** Information provided follows **
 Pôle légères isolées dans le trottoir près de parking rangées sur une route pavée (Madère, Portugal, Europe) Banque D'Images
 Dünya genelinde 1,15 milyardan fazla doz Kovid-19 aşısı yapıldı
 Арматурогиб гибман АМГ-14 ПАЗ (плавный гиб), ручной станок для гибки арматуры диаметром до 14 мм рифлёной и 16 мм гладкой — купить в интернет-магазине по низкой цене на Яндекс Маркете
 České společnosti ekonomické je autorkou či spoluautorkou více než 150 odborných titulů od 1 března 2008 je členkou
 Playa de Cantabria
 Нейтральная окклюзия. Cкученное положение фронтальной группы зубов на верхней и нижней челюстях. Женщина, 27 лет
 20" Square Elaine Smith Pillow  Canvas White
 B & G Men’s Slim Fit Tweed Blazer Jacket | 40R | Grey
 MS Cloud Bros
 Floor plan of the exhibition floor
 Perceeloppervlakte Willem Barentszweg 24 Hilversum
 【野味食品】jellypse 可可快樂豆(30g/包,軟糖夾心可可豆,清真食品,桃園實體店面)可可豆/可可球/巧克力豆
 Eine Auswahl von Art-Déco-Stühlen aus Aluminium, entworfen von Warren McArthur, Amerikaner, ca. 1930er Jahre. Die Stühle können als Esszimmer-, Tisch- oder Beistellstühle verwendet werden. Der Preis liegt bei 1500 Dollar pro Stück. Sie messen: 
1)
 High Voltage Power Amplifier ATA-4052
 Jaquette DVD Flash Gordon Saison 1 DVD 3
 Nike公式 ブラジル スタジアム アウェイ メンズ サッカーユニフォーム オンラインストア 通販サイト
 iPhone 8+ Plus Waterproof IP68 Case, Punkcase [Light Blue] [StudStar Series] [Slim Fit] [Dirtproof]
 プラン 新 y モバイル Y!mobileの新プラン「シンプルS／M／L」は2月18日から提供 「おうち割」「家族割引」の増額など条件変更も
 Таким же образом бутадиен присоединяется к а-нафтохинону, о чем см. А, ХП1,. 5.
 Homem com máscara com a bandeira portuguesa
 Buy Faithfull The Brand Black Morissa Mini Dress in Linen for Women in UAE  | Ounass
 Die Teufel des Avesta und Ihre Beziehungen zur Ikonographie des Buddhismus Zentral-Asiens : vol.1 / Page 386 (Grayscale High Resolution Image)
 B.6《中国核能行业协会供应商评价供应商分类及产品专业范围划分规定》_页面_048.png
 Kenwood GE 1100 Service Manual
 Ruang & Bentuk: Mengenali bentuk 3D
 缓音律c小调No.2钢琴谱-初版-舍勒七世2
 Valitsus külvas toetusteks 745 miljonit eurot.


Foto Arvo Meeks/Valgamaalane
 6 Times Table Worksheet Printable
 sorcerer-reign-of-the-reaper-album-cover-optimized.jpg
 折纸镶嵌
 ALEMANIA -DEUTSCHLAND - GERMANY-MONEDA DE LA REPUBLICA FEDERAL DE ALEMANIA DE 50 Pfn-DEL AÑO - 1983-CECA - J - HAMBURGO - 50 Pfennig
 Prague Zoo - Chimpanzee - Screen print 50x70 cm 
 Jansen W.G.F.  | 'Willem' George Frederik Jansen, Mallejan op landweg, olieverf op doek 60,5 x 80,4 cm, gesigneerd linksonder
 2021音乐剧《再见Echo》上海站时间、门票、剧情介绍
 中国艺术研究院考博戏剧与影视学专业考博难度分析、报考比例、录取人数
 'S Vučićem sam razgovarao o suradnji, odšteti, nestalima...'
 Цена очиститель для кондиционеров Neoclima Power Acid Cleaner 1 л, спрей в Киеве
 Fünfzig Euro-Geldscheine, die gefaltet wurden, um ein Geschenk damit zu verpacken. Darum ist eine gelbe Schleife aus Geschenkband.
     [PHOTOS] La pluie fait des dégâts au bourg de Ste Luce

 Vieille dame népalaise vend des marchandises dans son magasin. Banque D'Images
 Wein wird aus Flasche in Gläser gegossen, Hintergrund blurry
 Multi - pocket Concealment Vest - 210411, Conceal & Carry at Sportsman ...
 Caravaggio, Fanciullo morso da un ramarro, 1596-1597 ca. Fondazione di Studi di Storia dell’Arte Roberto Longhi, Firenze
** End of Information provided **
* [What needs to be done] Each line above where the word "Willem" occurs should be copied out.

* [Reply]
 Perceeloppervlakte Willem Barentszweg 24 Hilversum
 Jansen W.G.F.  | 'Willem' George Frederik Jansen, Mallejan op landweg, olieverf op doek 60,5 x 80,4 cm, gesigneerd linksonder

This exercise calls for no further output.